In the early days of MOS ROMs, there were commercial such ROMs,
I believe from National. (And when ROMs were much smaller than today.)

The data sheet has (I can't find it right now, but it is around
somewere) the combination of ROMs and TTL adders to do the
interpolation.

> If you assume a straight line between the two endpoints the midpoint of
> each interpolated segment will have an error of
> ((Sin(high)-sin(low))/2)-sin(mid)

> Without considering rounding, this reaches a maximum at the last segment
> before the 90 degree point. I calculate about 4-5 ppm which is about
> the same as the quantization of an 18 bit number.

I presume the ROM designers had all this figured out.

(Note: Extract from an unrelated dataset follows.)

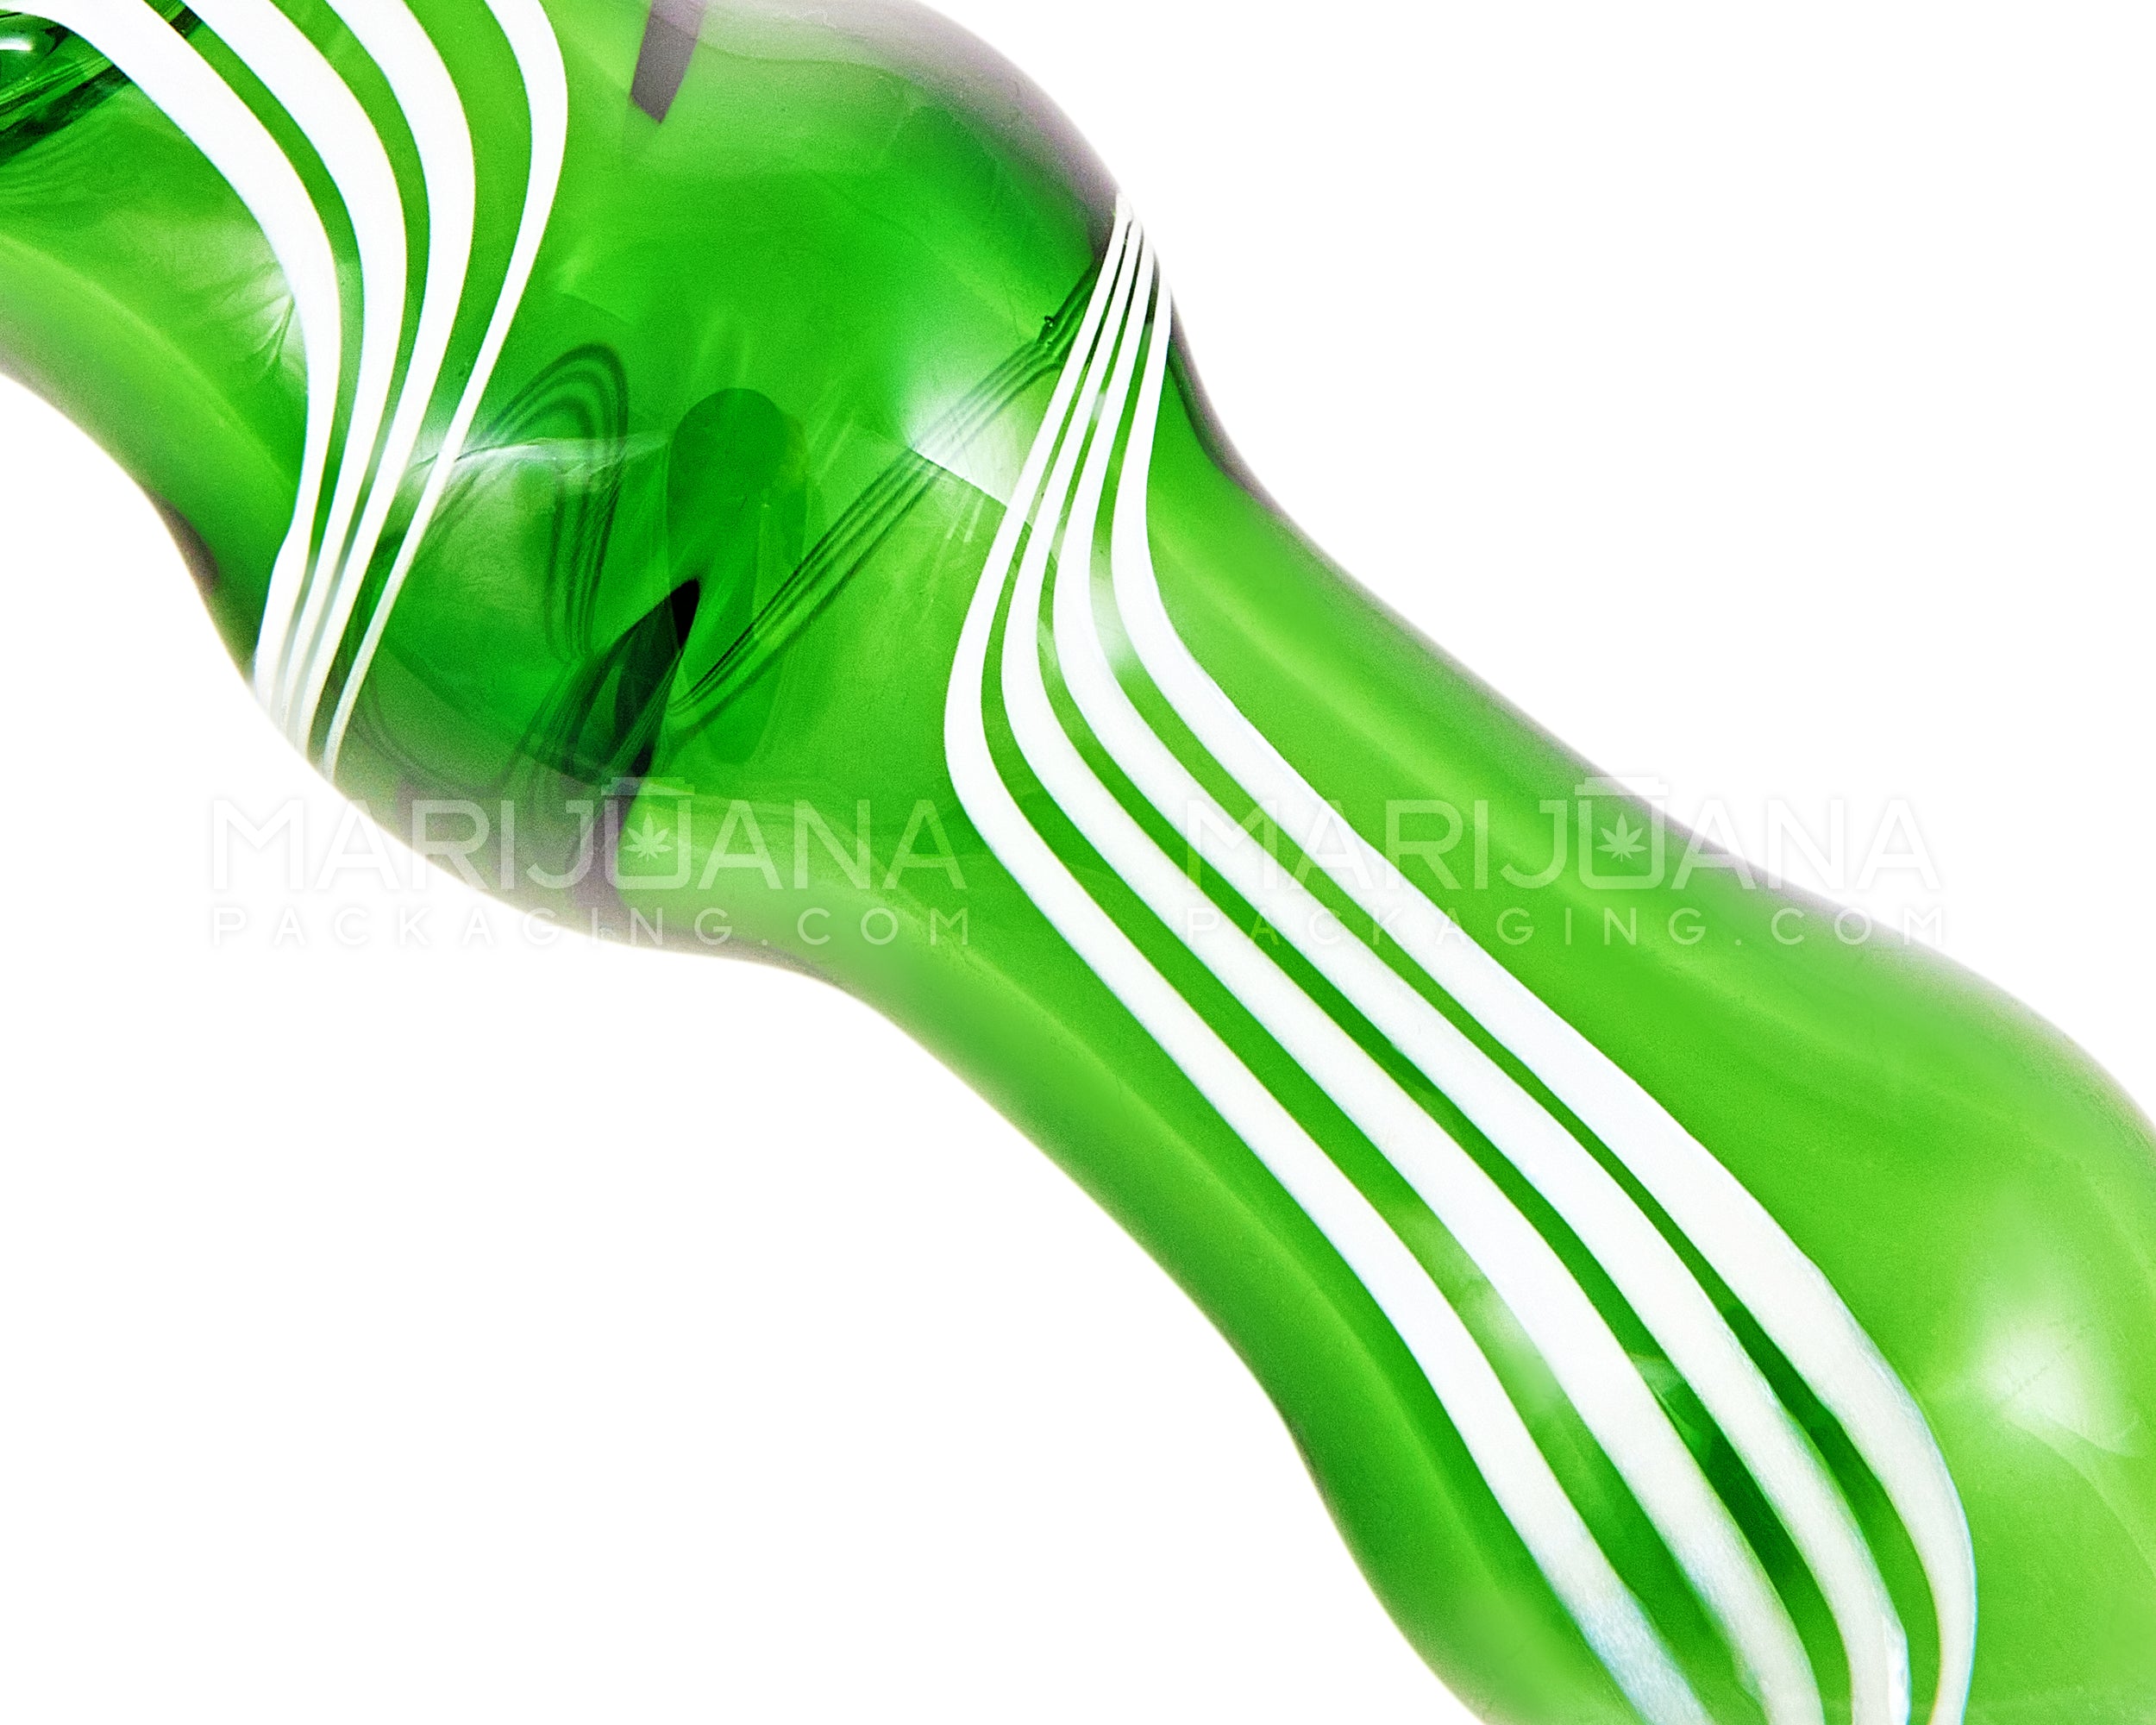 Swirl Bulged Spoon Hand Pipe w/ Triple Knockers | 3.5in Long - Glass - Green - 3
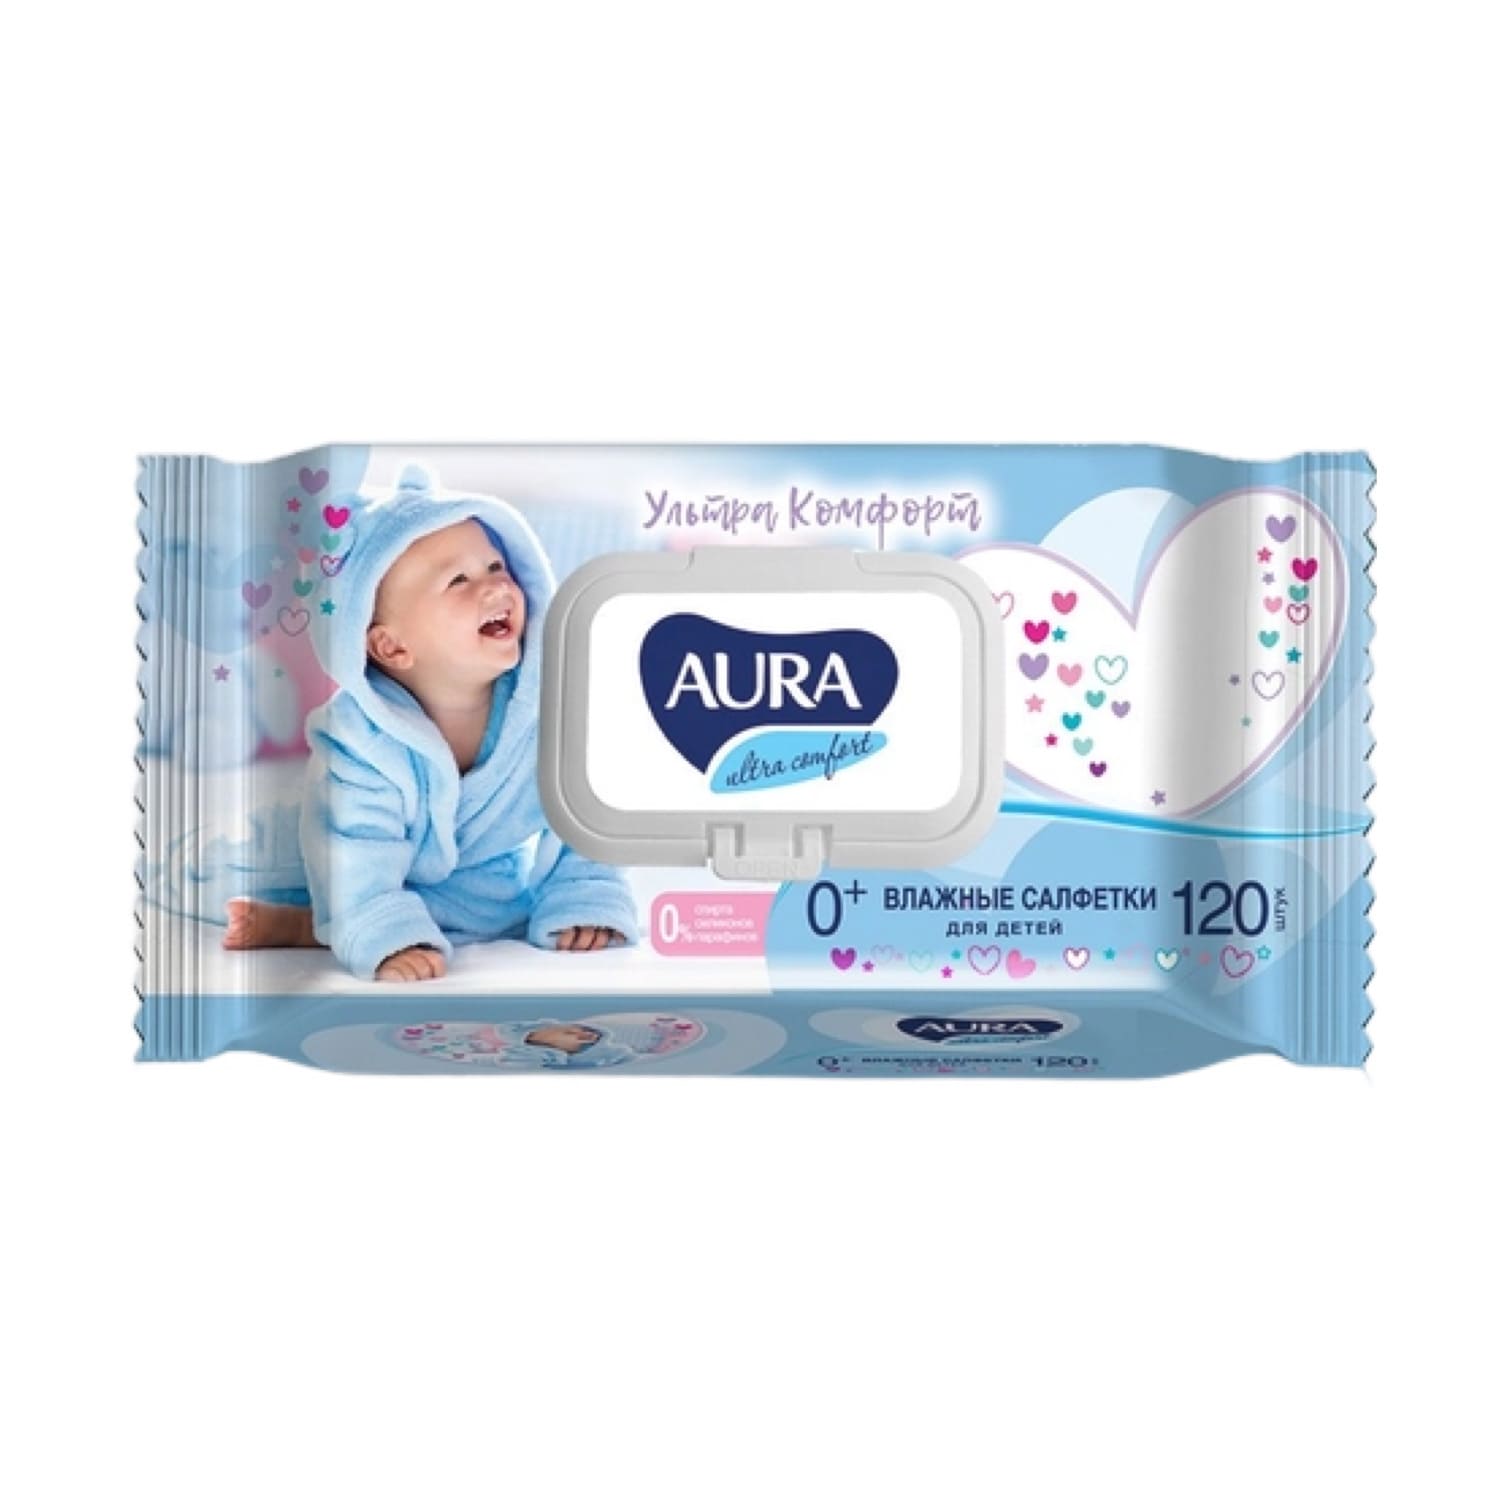 AURA Ultra Comfort Детские Влажные Салфетки с Экстрактом Алоэ и Витамином Е 120шт

> There are two issues I have not come across regarding these LUTs. One
> is adding a bias to the index before converting to the sin() value for
> the table. Some would say the index 0 represents the phase 0 and the
> index 2^n represents 90 degrees. But this is 2^n+1 points which makes a
> LUT inefficient, especially in hardware. If a bias of half the lsb is
> added to the index before converting to a sin() value the value 0 to
> 2^n-1 becomes symmetrical with 2^n to 2^(n+1)-1 fitting a binary sized
> table properly. I assume this is commonly done and I just can't find a
> mention of it.

I don't remember anymore. But since you have the additional bit to
do the interpolation, it should be easy.

> The other issue is how to calculate the values for the table to give the
> best advantage to the linear interpolation. Rather than using the exact
> match to the end points stored in the table, an adjustment could be done
> to minimize the deviation over each interpolated segment. Without this,
> the errors are always in the same direction. With an adjustment the
> errors become bipolar and so will reduce the magnitude by half (approx).
> Is this commonly done? It will require a bit of computation to get
> these values, but even a rough approximation should improve the max
> error by a factor of two to around 2-3 ppm.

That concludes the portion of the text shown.